◆ ACTIVITY
Repeat exactly the lines of the material below that run from the "New Project Wellness" line to the "Robert Harris (1849-1919)" line, including both, and do not carry over any pictures.

◆ LISTED ENTRIES
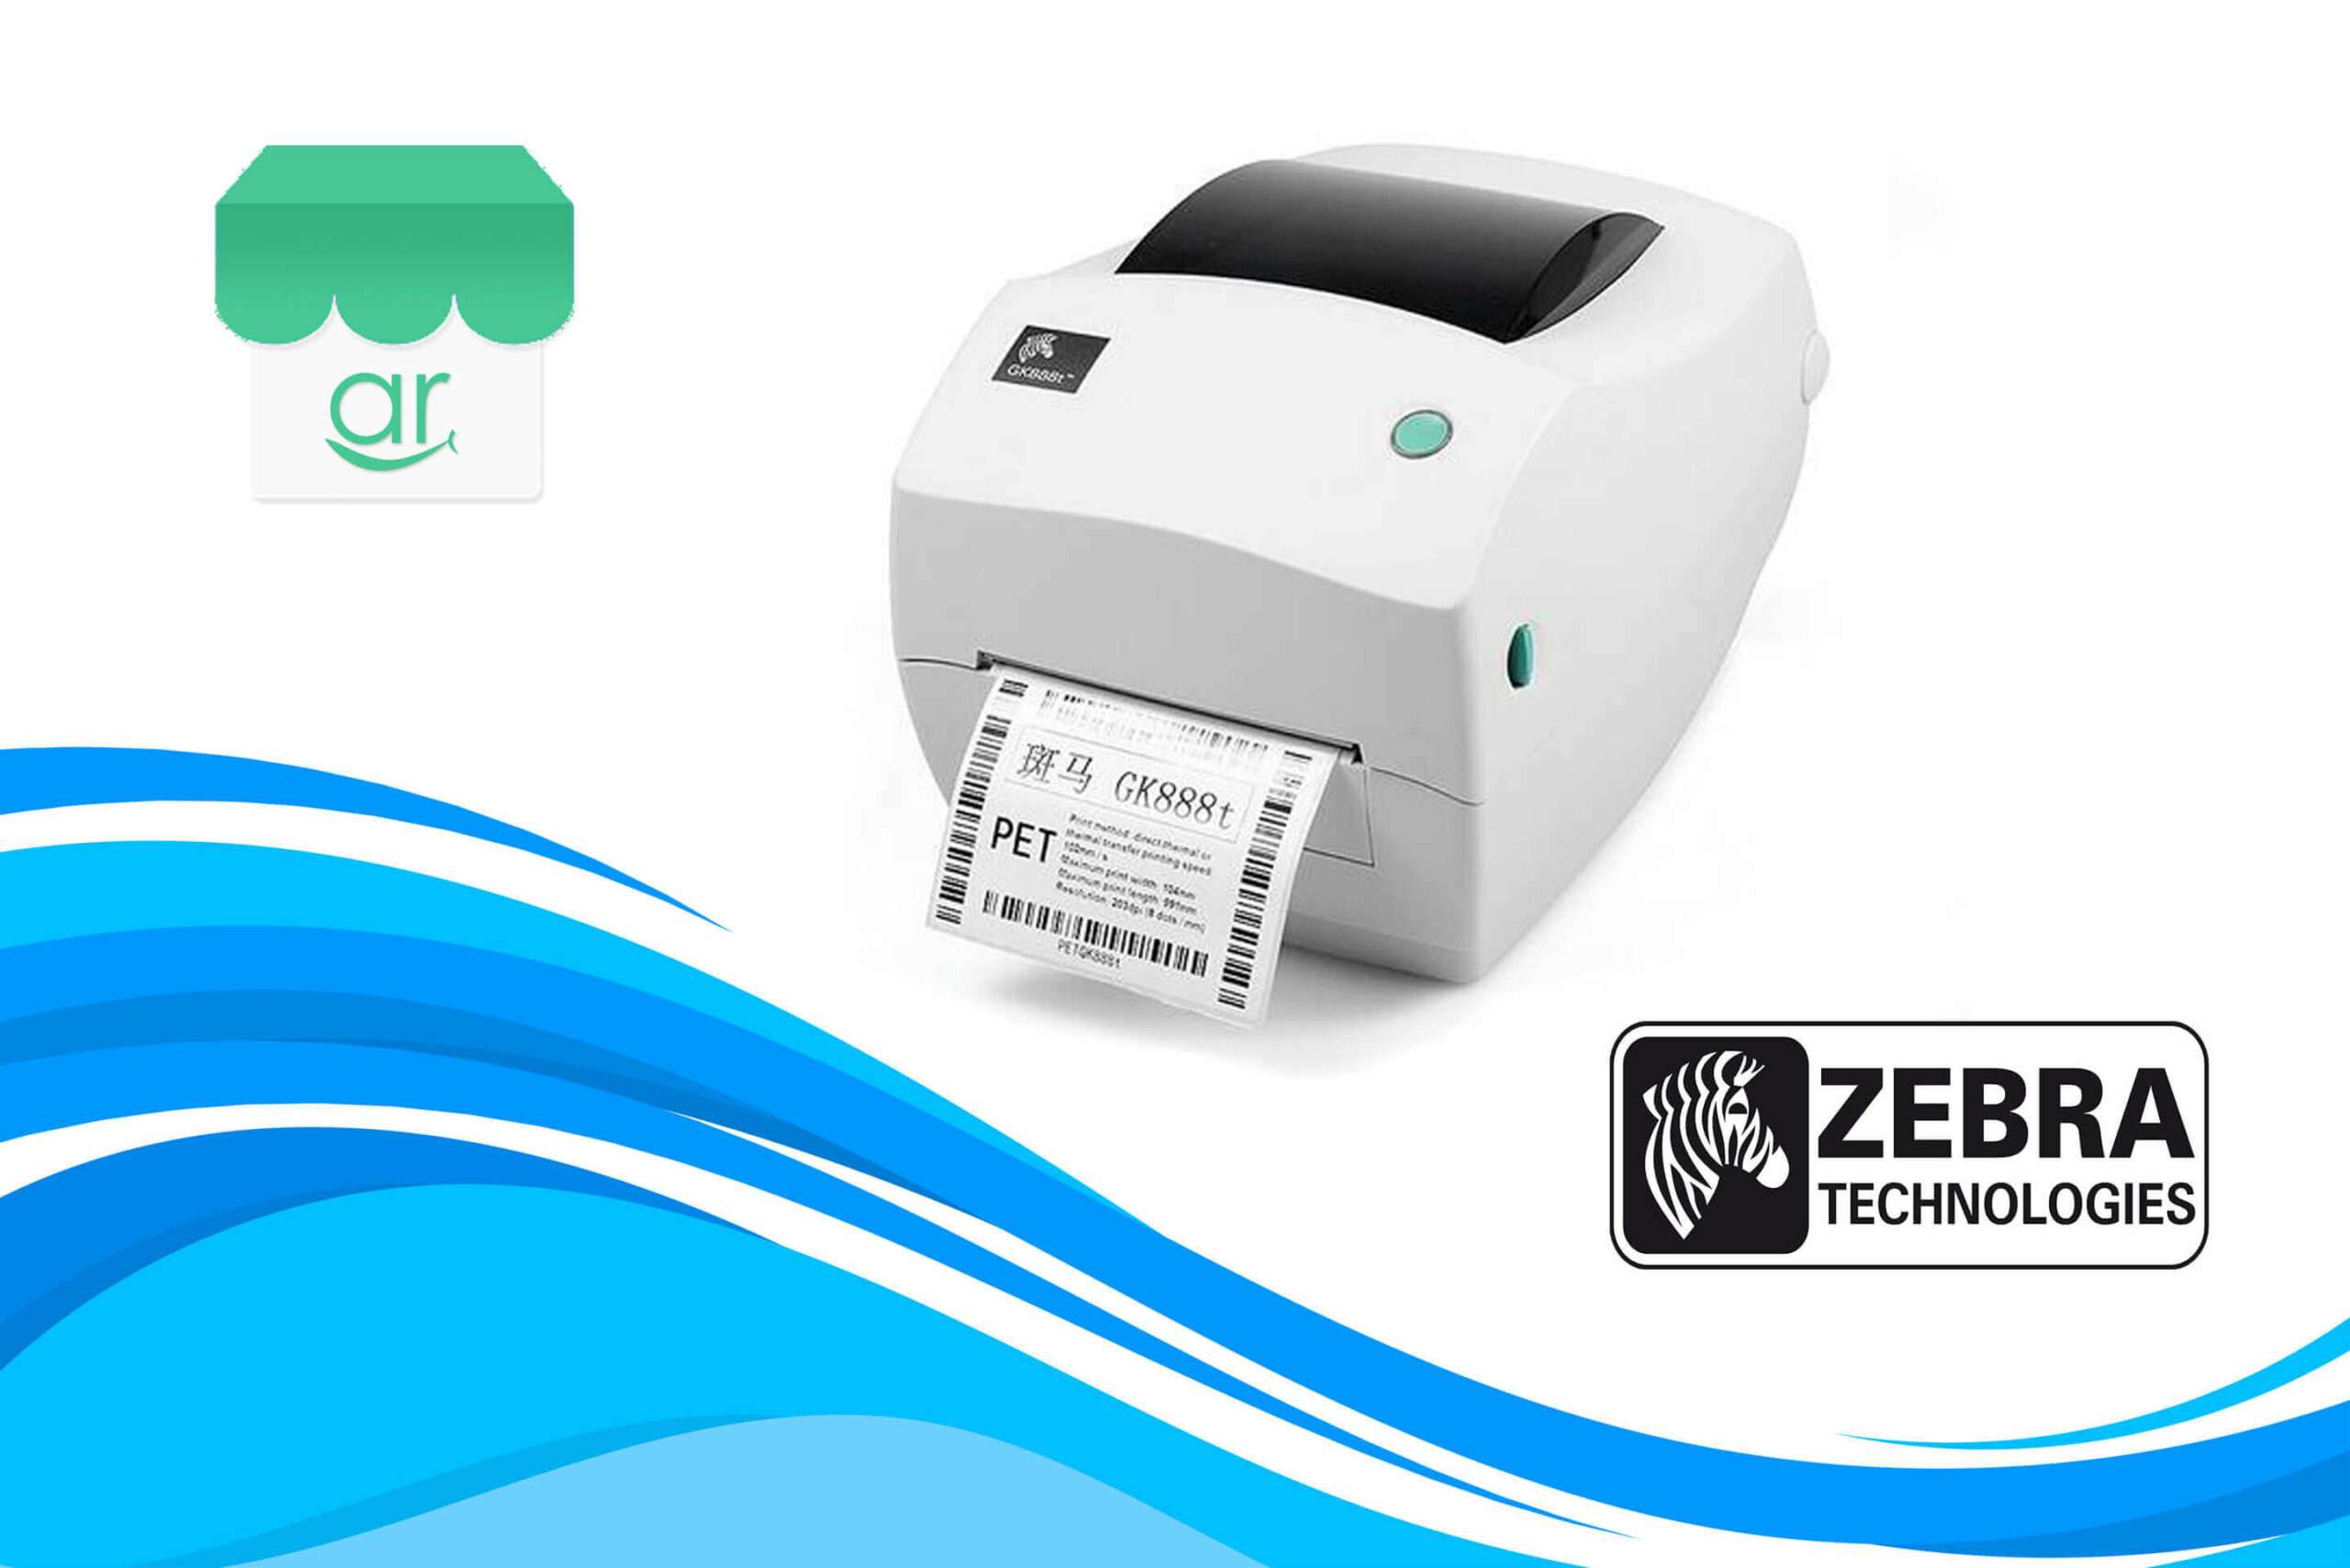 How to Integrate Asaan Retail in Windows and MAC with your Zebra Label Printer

...

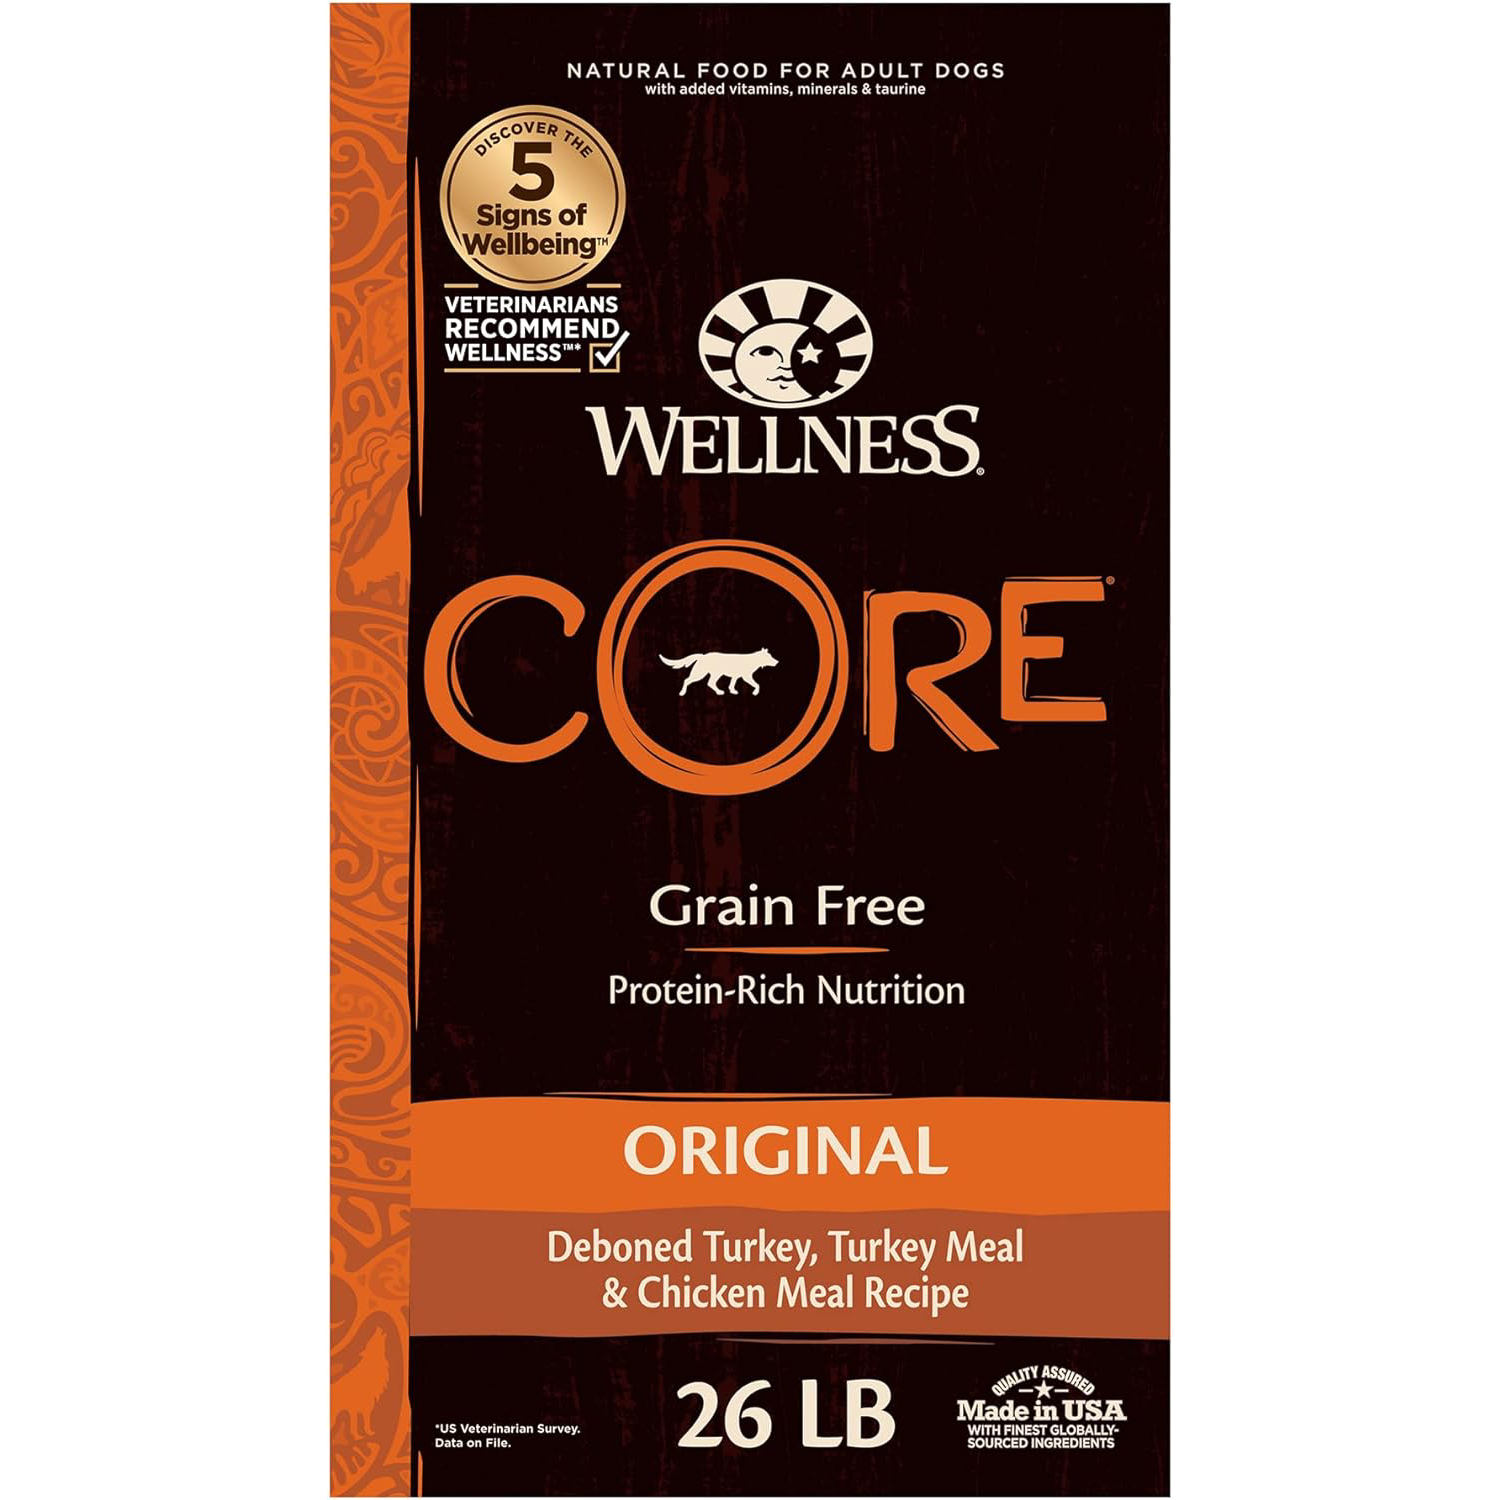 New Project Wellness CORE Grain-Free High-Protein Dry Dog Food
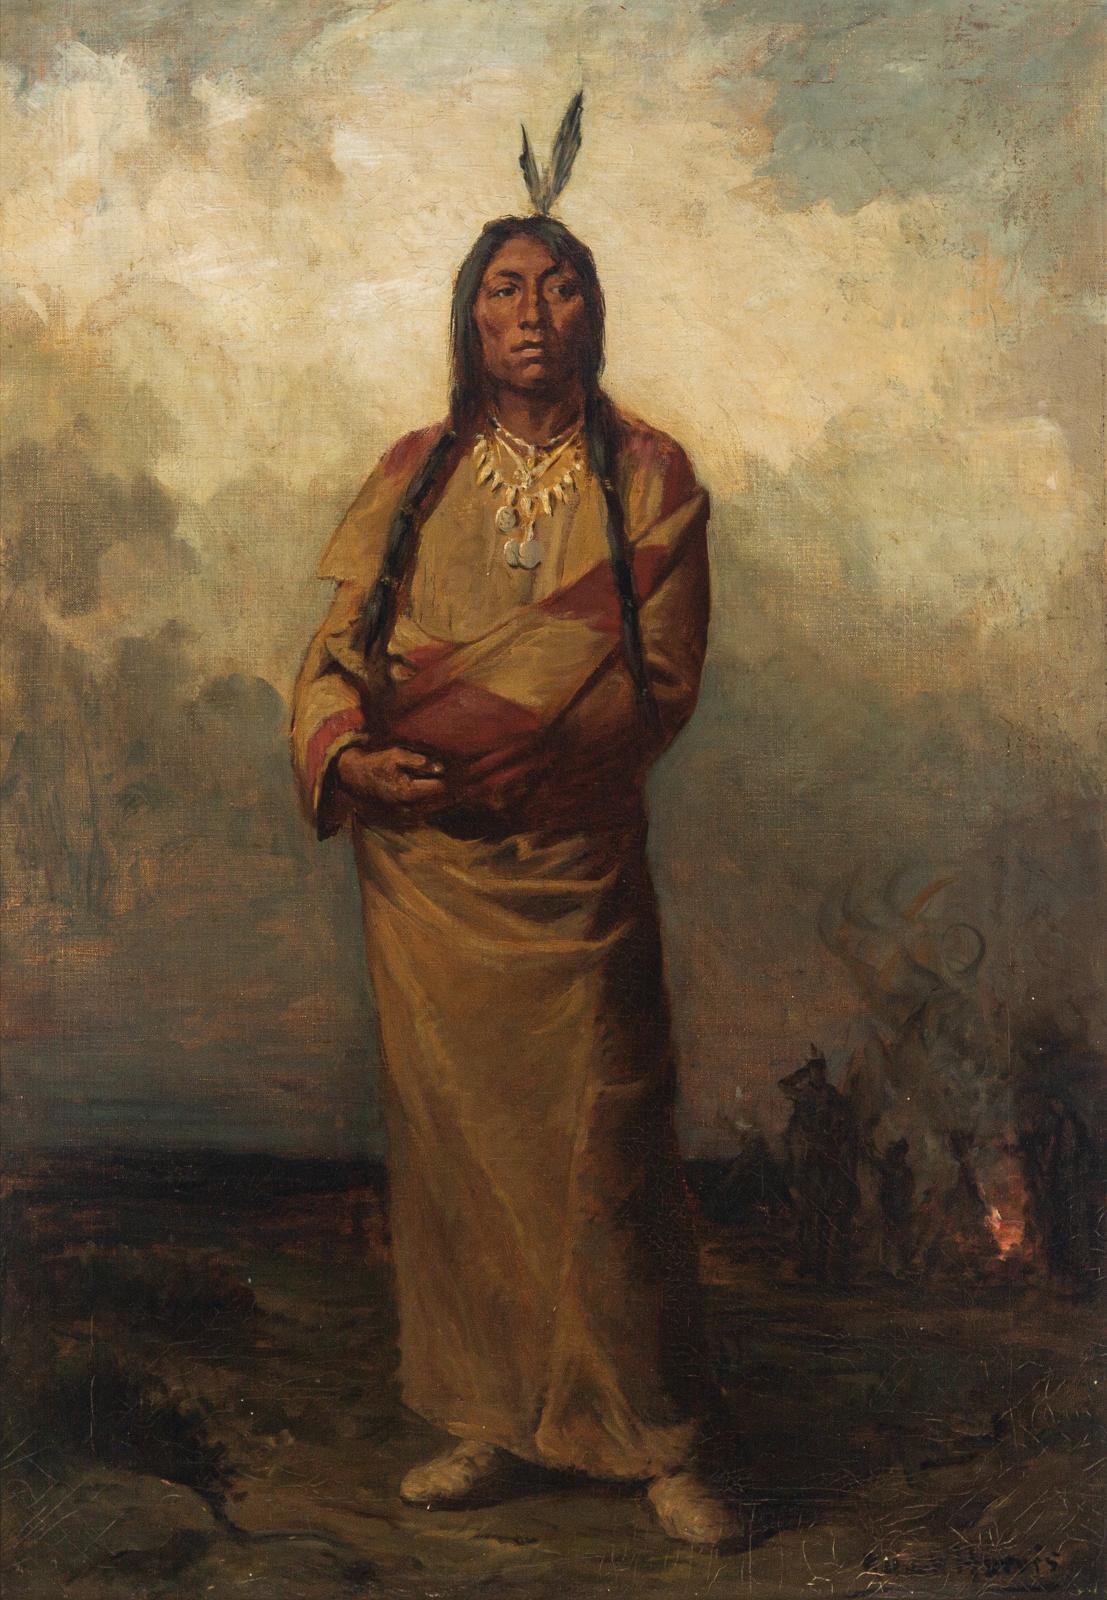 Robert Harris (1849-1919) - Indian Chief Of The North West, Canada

◆ ANSWER BOX
 New Project Wellness CORE Grain-Free High-Protein Dry Dog Food
 Robert Harris (1849-1919) - Indian Chief Of The North West, Canada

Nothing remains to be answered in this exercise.